Psychotic patients who used cannabis as teens had less brain damage than those who did not
In a counterintuitive finding, people with psychosis who had used cannabis during adolescence showed less gray matter loss than psychotic patients who had not used cannabis, with brain structure similar to healthy controls.
Quick Facts
What This Study Found
Researchers examined brain structure in 109 people with psychotic disorders, comparing those with and without a history of adolescent cannabis use. Both groups showed lower total and regional gray matter density compared to healthy controls, as expected in psychotic disorders.
However, the group with adolescent cannabis use showed significantly less gray matter reduction than the non-using psychosis group. This was especially pronounced in schizophrenia patients, where non-users showed extensive gray matter loss in frontal, temporal, parietal, and subcortical regions, while users with adolescent cannabis history did not differ significantly from healthy controls in brain structure.
This suggests that psychosis with a history of adolescent cannabis use may represent a distinct subtype, potentially driven by different etiological factors. Those who develop psychosis through the cannabis pathway may not need as much underlying brain pathology to become ill.
Key Numbers
109 psychotic patients analyzed. Both cannabis-using and non-using psychosis groups had lower gray matter density than controls. Cannabis-using psychosis group showed attenuated (less severe) gray matter reductions. Schizophrenia patients without cannabis history showed robust gray matter loss in fronto-temporal, parietal, and subcortical regions. Cannabis-using psychosis patients did not differ significantly from healthy controls in brain structure.
How They Did This
This was a cross-sectional neuroimaging study using voxel-based morphometry to measure gray matter density in 109 people with psychotic disorders (schizophrenia and bipolar I) and healthy controls.
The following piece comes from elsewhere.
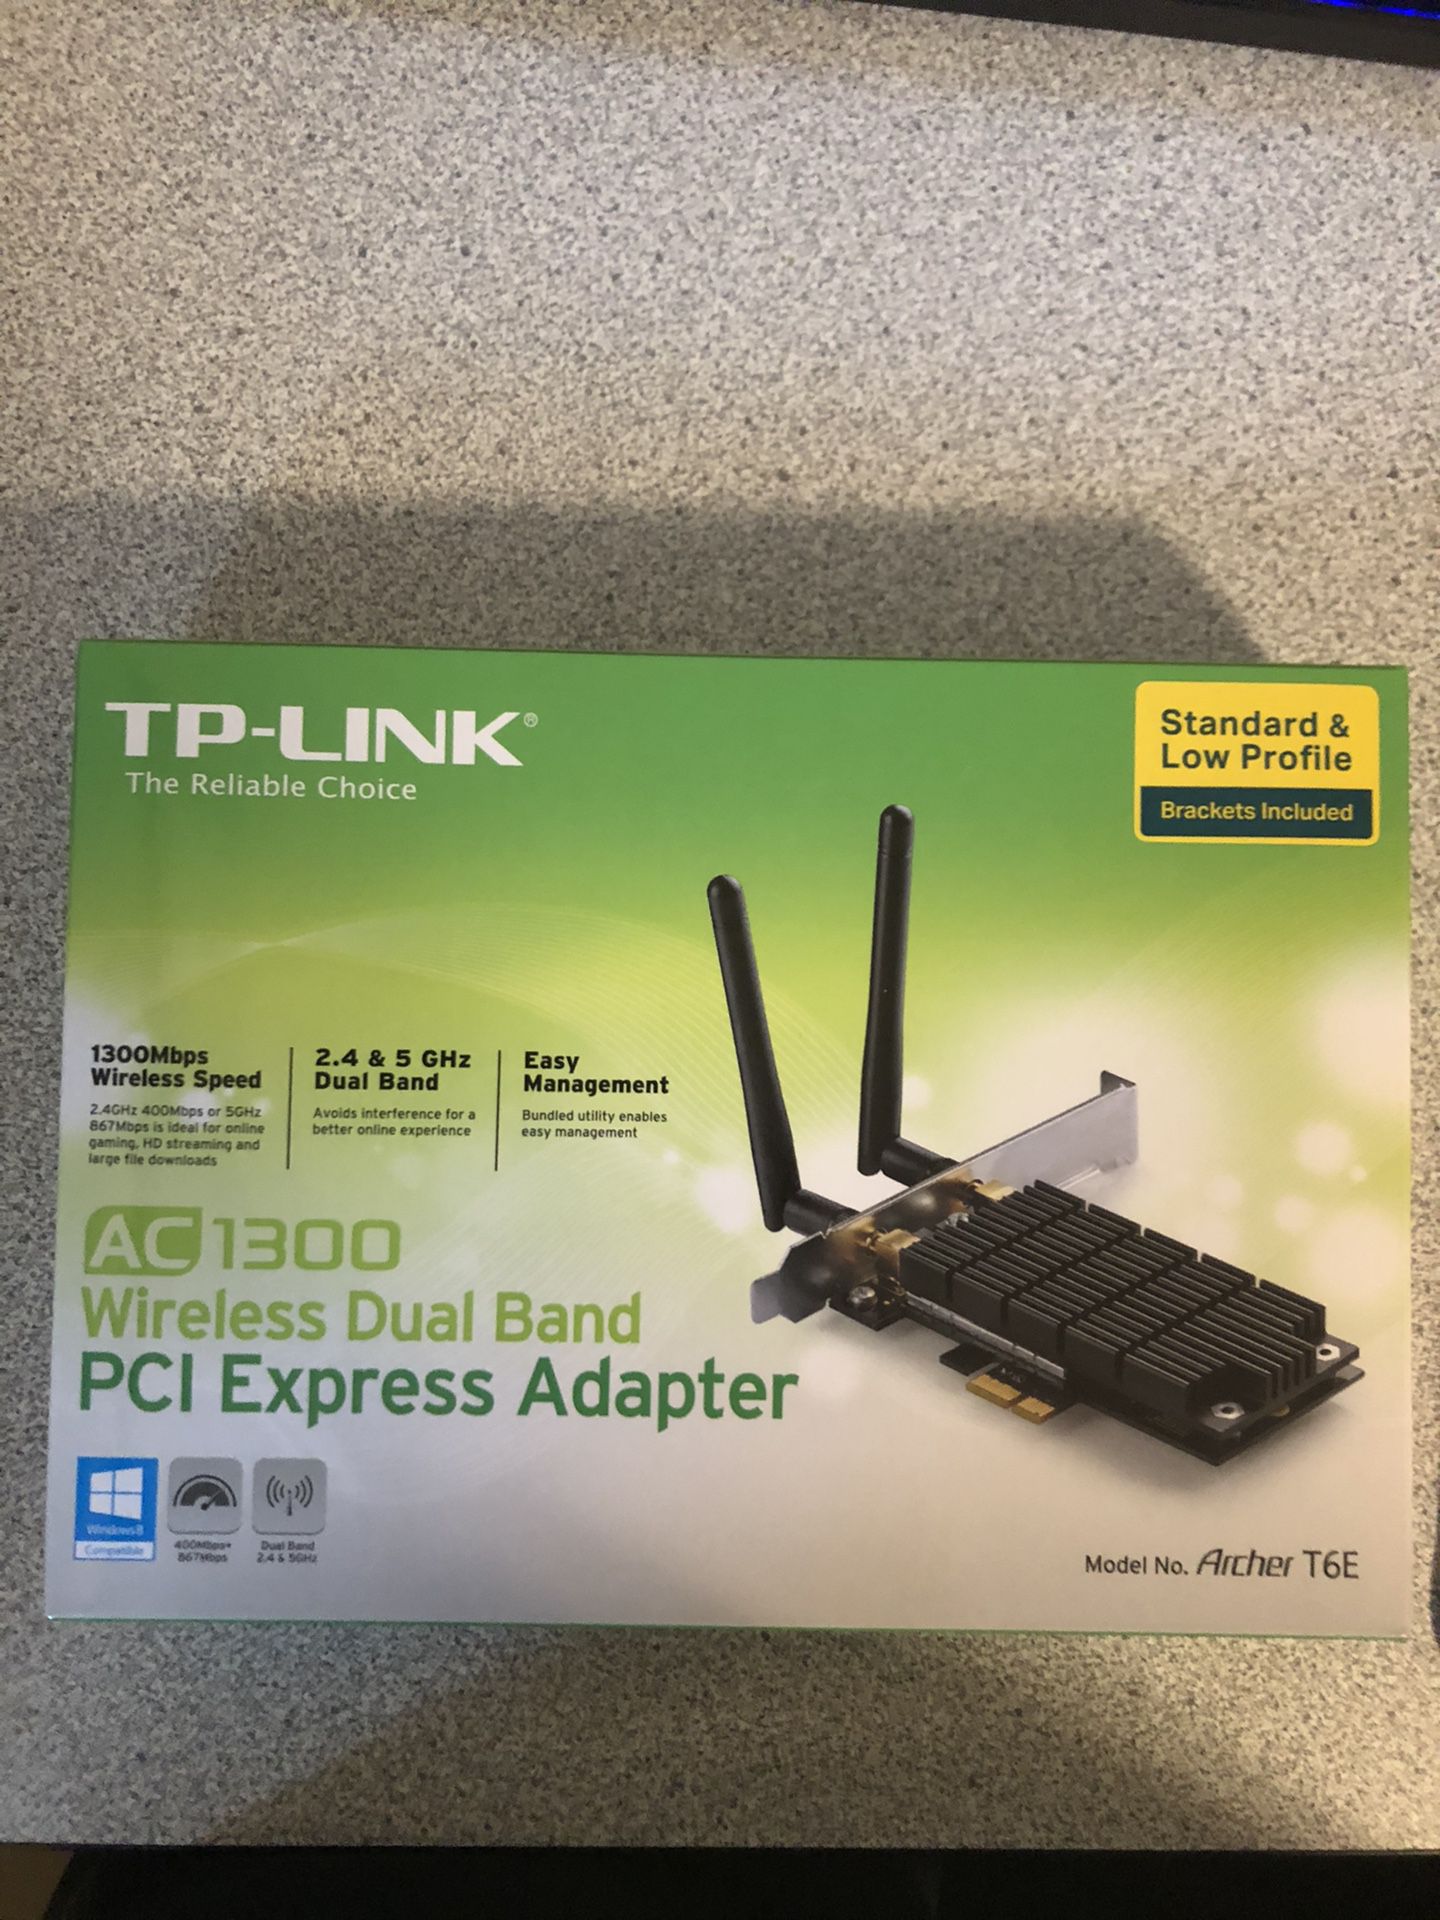 Wireless WiFi adapter for your PC
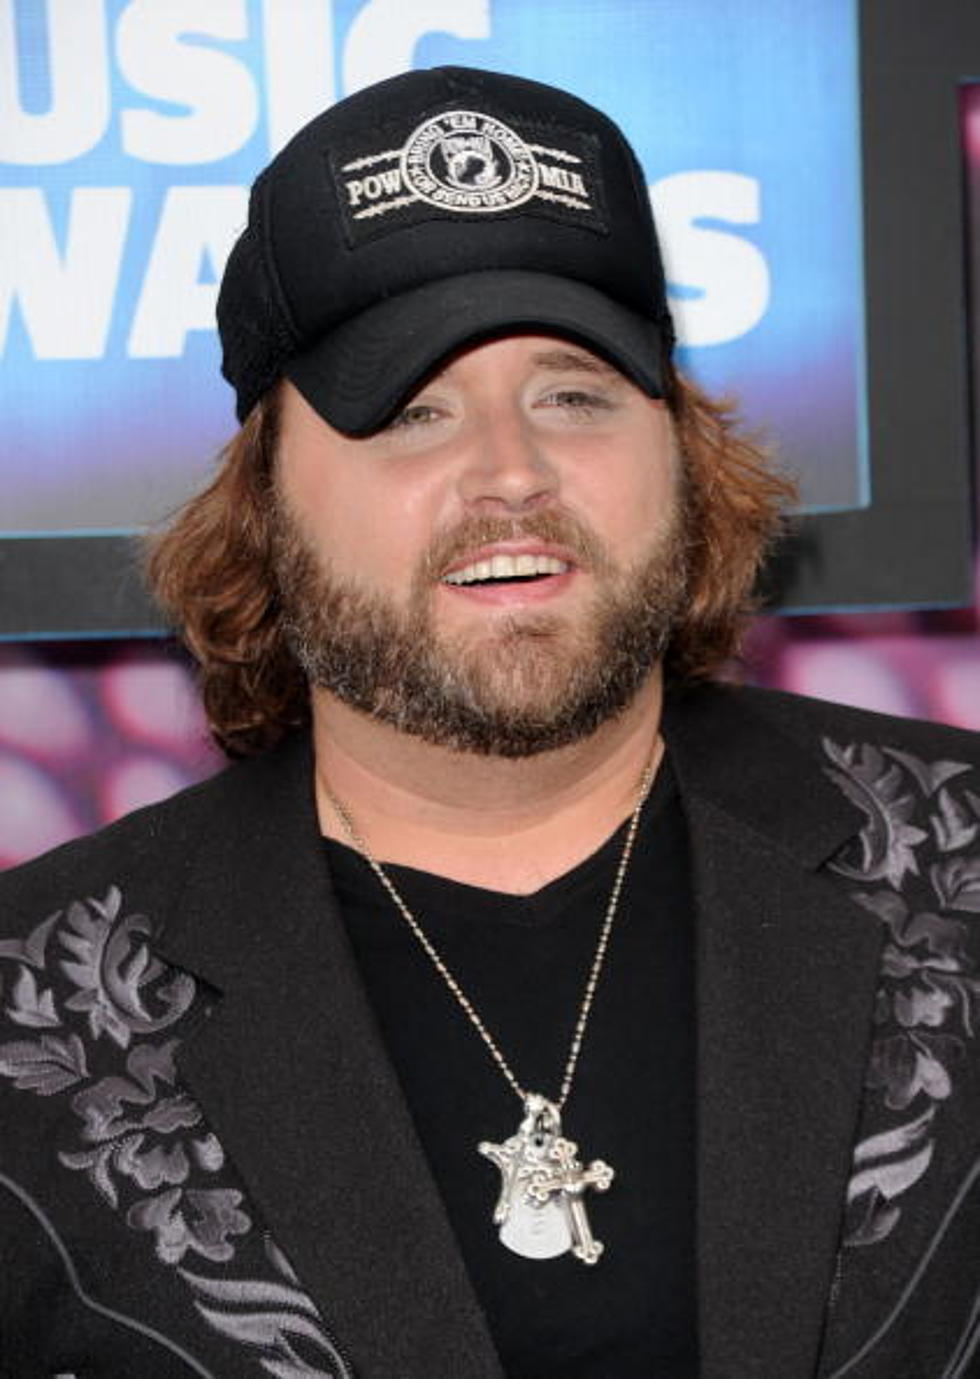 Randy Houser’s Brand New Song Comes From The Heart

Participants were stratified by history of adolescent cannabis use. Regional and total gray matter density estimates were compared across groups.
Why This Research Matters
This finding challenges the simple narrative that cannabis damages the brain and causes psychosis. Instead, it suggests that cannabis-associated psychosis may represent a different pathway to illness, one that requires less pre-existing brain pathology. People who develop psychosis through the cannabis route may have fundamentally different neurobiology than those who develop it without cannabis involvement.
The Bigger Picture
This study supports the idea that psychotic disorders are heterogeneous, with multiple pathways leading to similar clinical presentations. The cannabis-associated pathway may involve more environmental triggering and less neurodevelopmental brain pathology. This has implications for treatment approaches, prognosis, and our fundamental understanding of what psychosis is.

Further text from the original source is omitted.